There are people in this world who are very good at empathizing and very good at organizing, and those people can make a ton of money as what used to be known as being a majordomo.
This is definitely a weird thread in that regard. Maybe people aren't appreciating how many people will do all sorts of things for money? The more outrageous requirements require a more trusting relationship between employer and employee, certainly, and a skilled EA (or majordomo, it seems) is hugely valuable.
My EA-style friend is in a major US city right now supervising the construction of a house - that absolutely wasn't in their employment contract, is not something they have experience in, but it's something their employer wanted. It's hard to get too up in arms when the position is well paid, exciting, and voluntary.
People that think like that are setting themselves up to be a lifelong loser.
Paying an EA is no different than paying McDonald’s to cook for you. Outsourcing things you can afford to is how we have a productive society.
If someone can make $800k a year pouring their life into their job and delivering tons of value for customers, that’s great. They should do that even if they spend $100k on an EA.
I’d take 50 highly productive people over 50 clock punchers any day. Demonizing them is just tall poppy syndrome.
That’s the bog standard description of senior software engineers at any top tier companies. You get paid a shitload of money because you’re not just parsing requirements in the bare minimum and building the wrong thing. That’s what outsourcing companies are for.

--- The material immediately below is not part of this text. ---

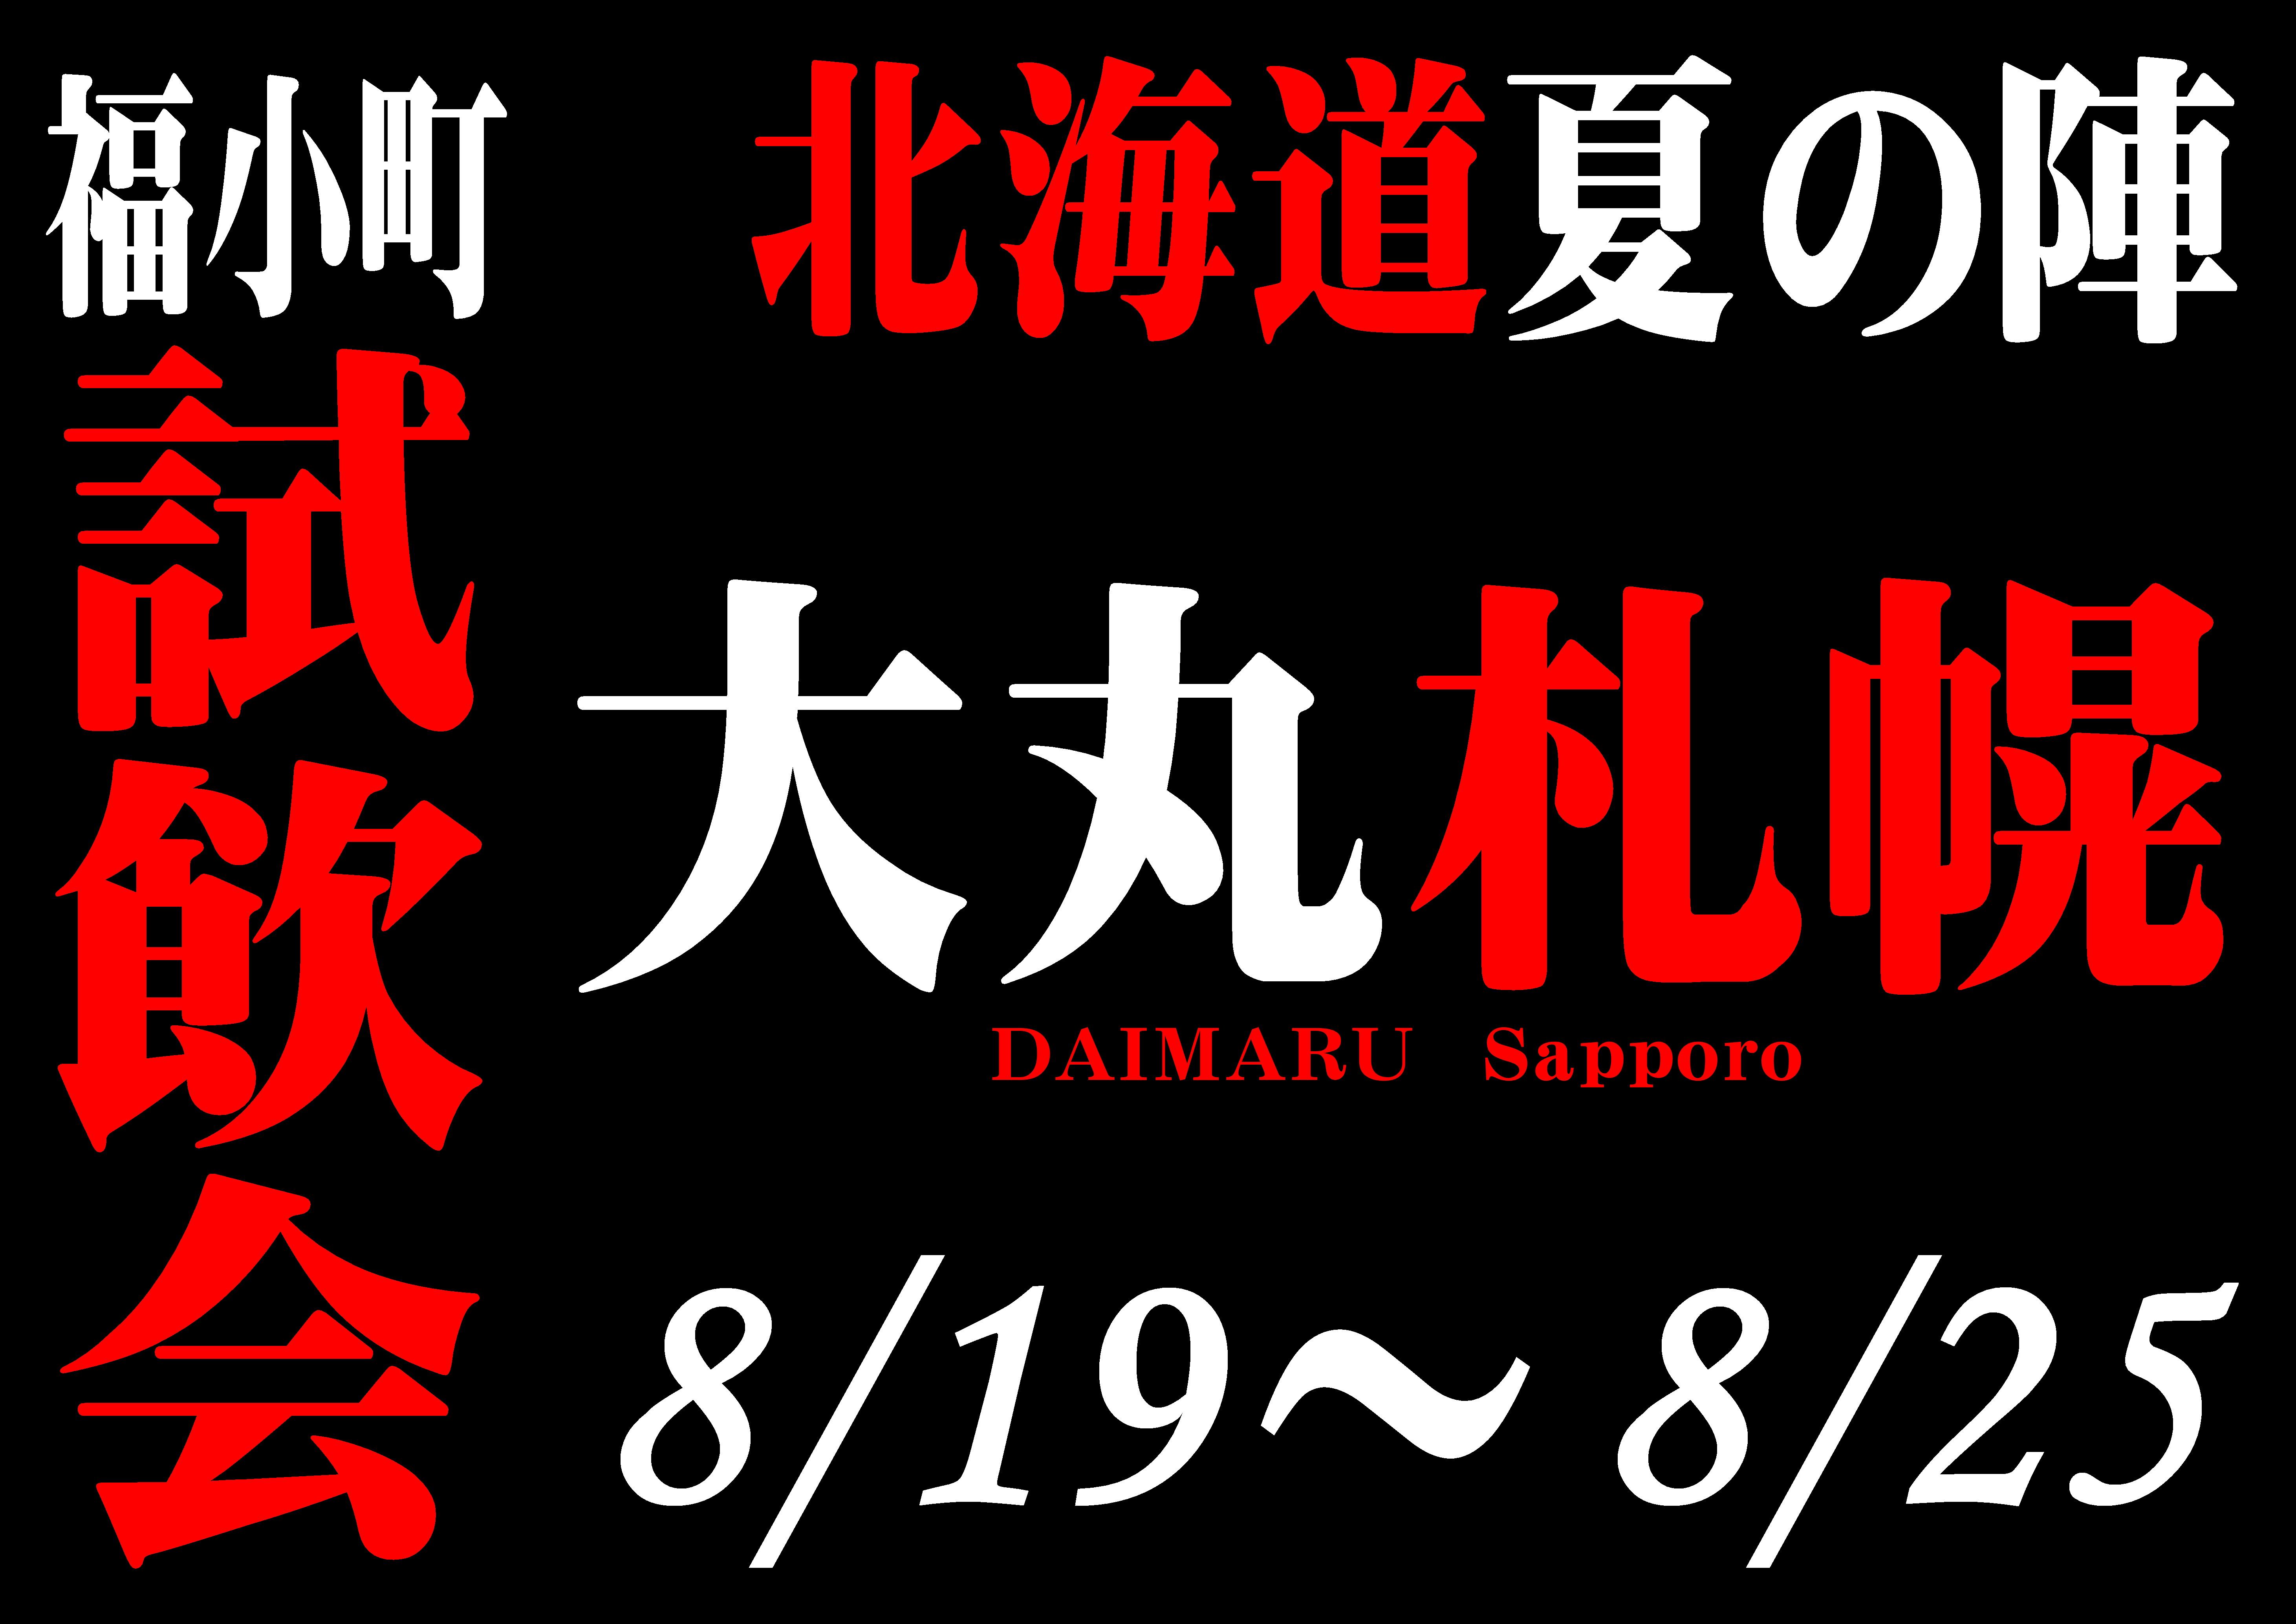 http://www.fukukomachi.com/blog/photo/20200821.JPG

No, the 'executive' part of 'executive assistant' refers to the assistant typically working for an executive, or performing more advanced executive duties as opposed to an administrative assistant, whose role may be more general across a company. No one's livelihood should depend on having to read the room like a geisha.

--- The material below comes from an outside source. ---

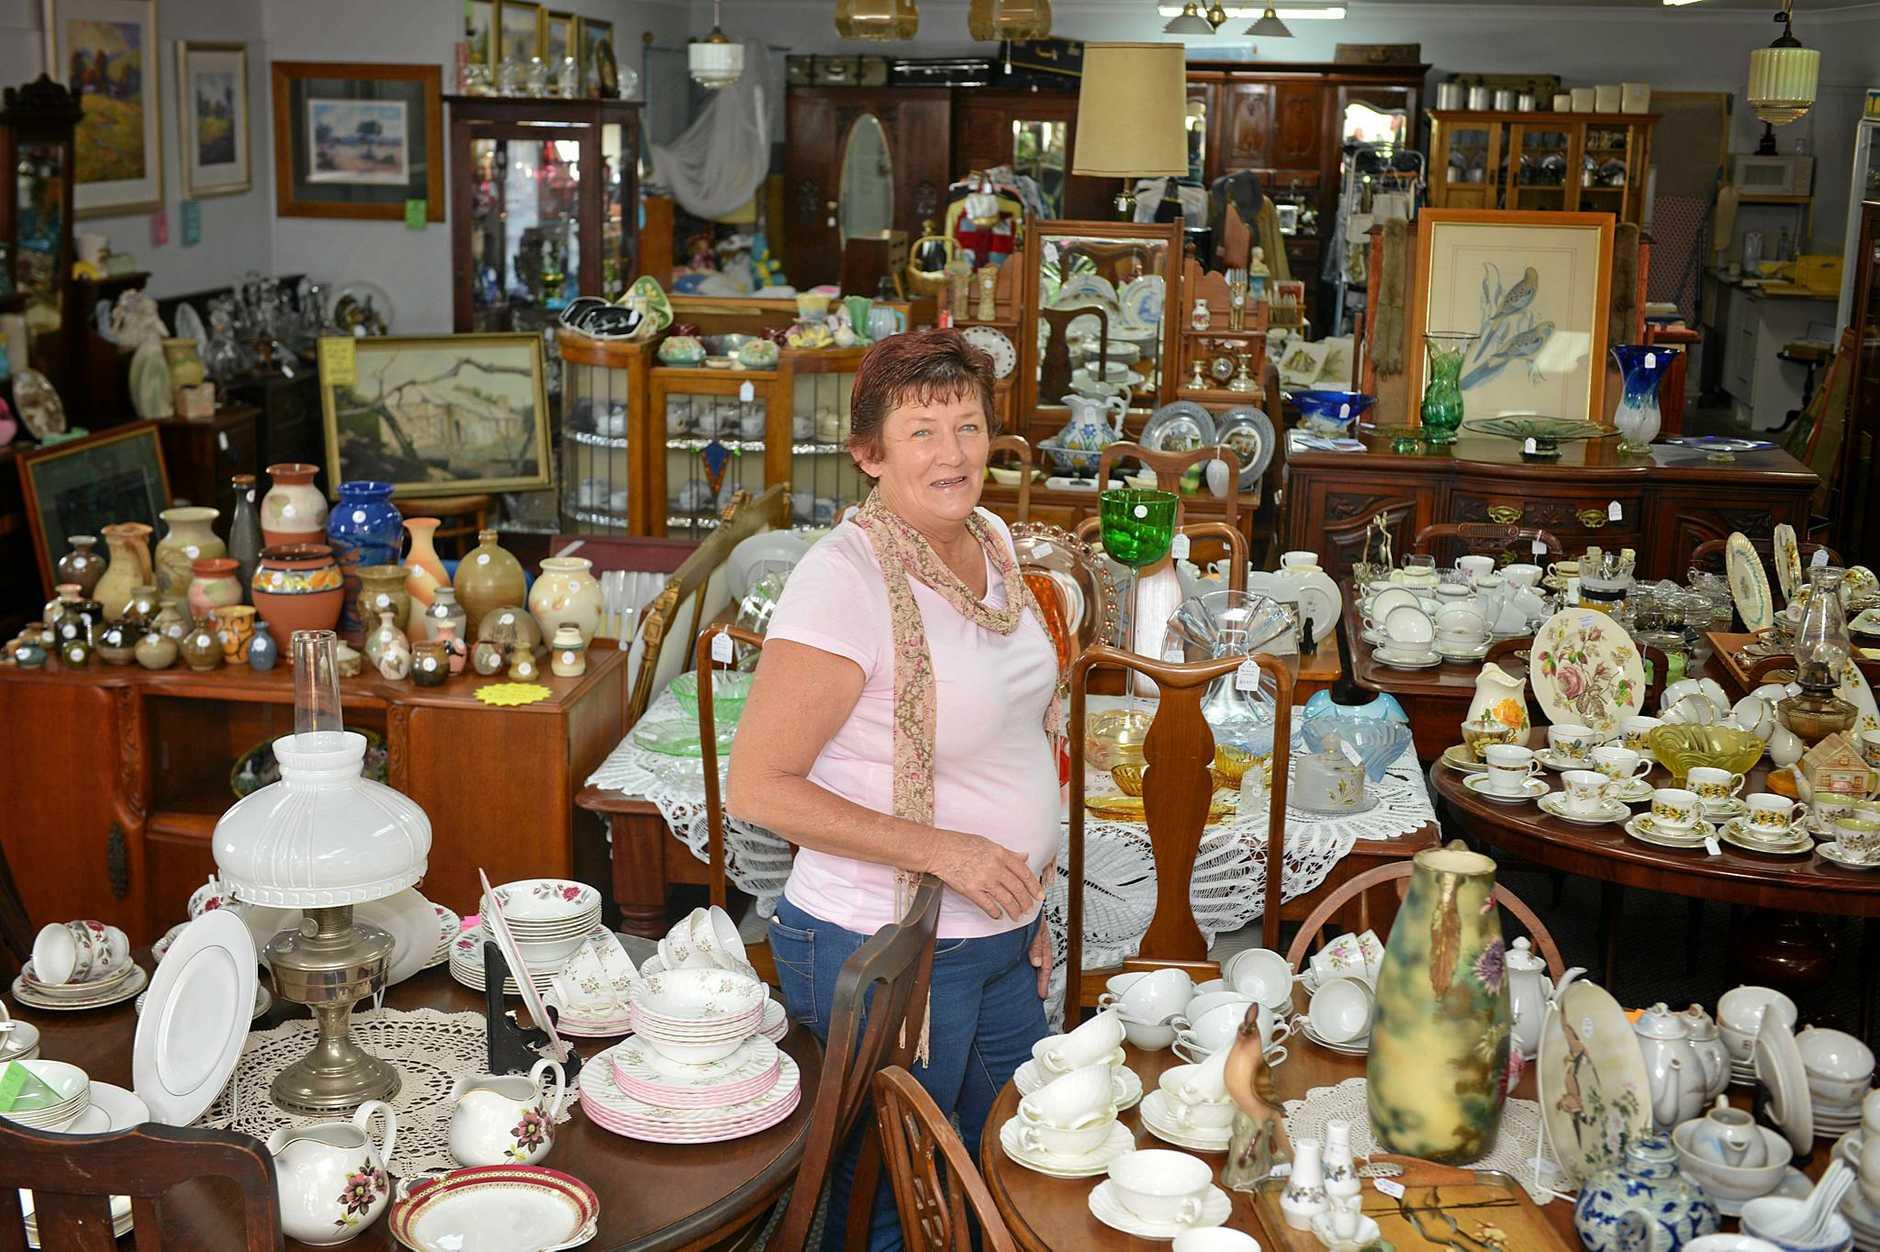 Chris Jepcott loves working at Kilkivan Fine Art & Antiques in Gympie.

>No one's livelihood should depend on having to read the room like a geisha.
Why not? Isn't that most jobs?
Seems to me a lot of jobs require you to "read the room" in one way or another. If some work doesn't need that, then a machine should just do it since that's what human excel at.
Imagine asking a software engineer why they shipped code so slow it made a system unusable when “don’t slow the software down 1000x” wasn’t explicitly in the requirements.

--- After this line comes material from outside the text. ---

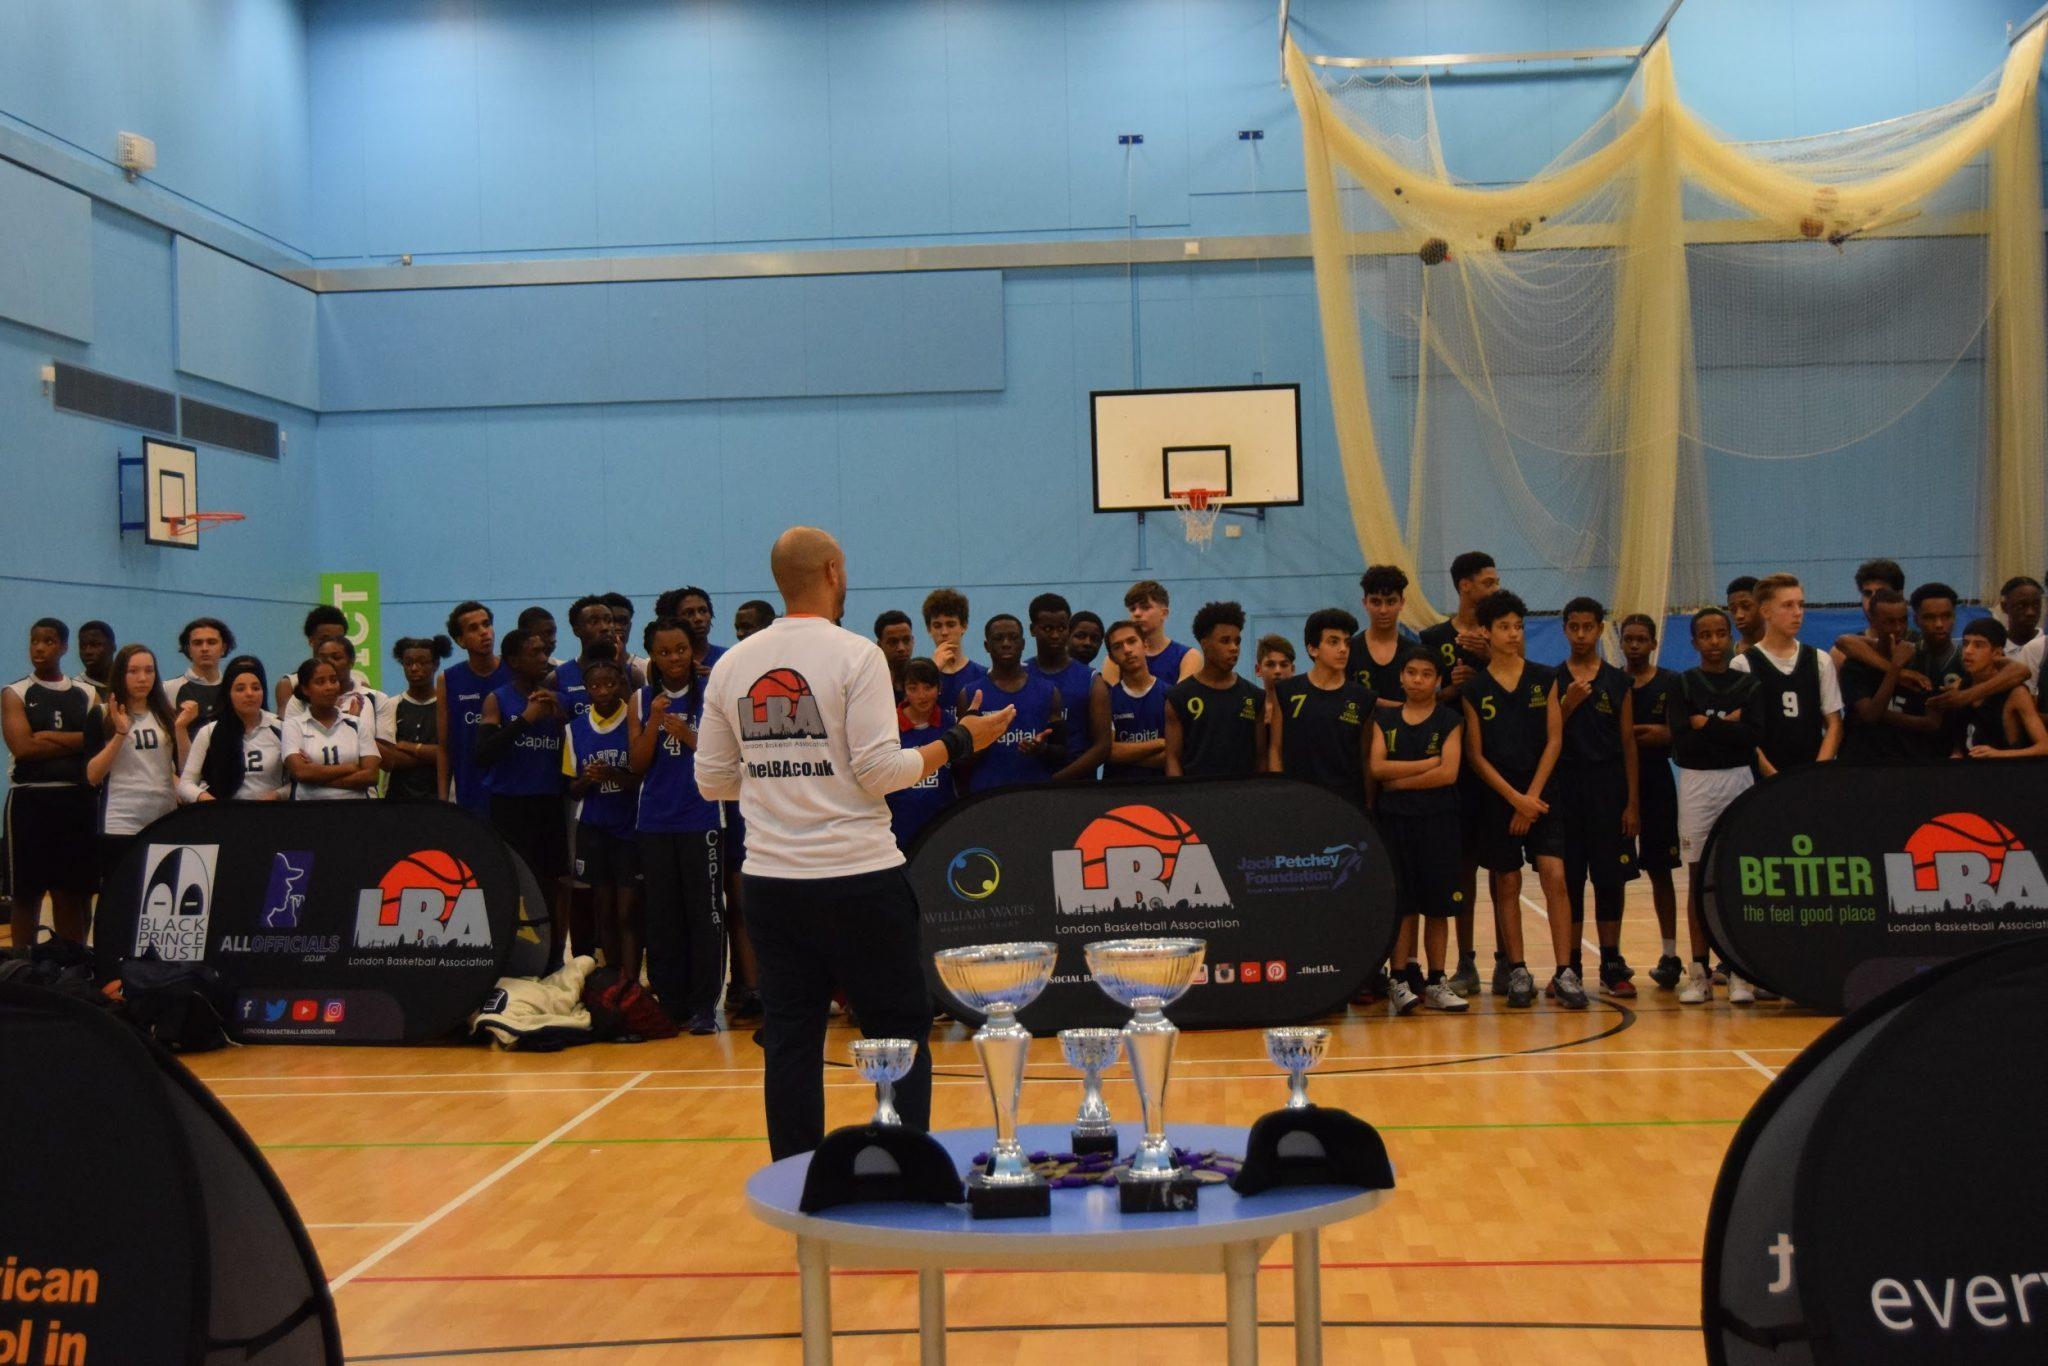 Brent School Tournament 2019 Cup presentation 2

This is exactly the same thing. Assistants are there to help people and to know what to do with high level directives.
“I want to take a stay at home vacation next week” should not require explicit instructions to reschedule everything and notify people…
Maybe some people are flexible and just like to have a random day off every once in a while and don't care so much exactly if it's a certain day or not
Why would they do that in this scenario? There is a world of difference between trusting someone to clear your schedule and tell you that you are taking a day off, and silently expecting them to do that on a specific day.
No. In most jobs, employees know specifically what their employers' requirements are, they have specific tasks and itineraries and boundaries. "Know what I want before I want it" isn't an appropriate expectation to have of any assistant.
At a certain price point, it certainly is an appropriate expectation.
Even at my job, where all my work is laid out for me in the form of Jira tickets, fulfilling unsaid (or unknown) desires is hugely beneficial for my team, company, and career. Sure, I’m technically paid to solve problems, but really I’m paid for the ability to think creatively and execute autonomously.
I certainly would expect, for example, a senior or staff engineer to have far more autonomy in setting the requirements, specific tasks, and boundaries. Being able to predict the technical needs of the company before they are needed is a big part of those roles.
Most jobs like you described are super low paid. The more agency you're supposed to use in your job to take decisions, generally the higher paid you'll be. It's like you want everyone to be a drone or else they're being exploited.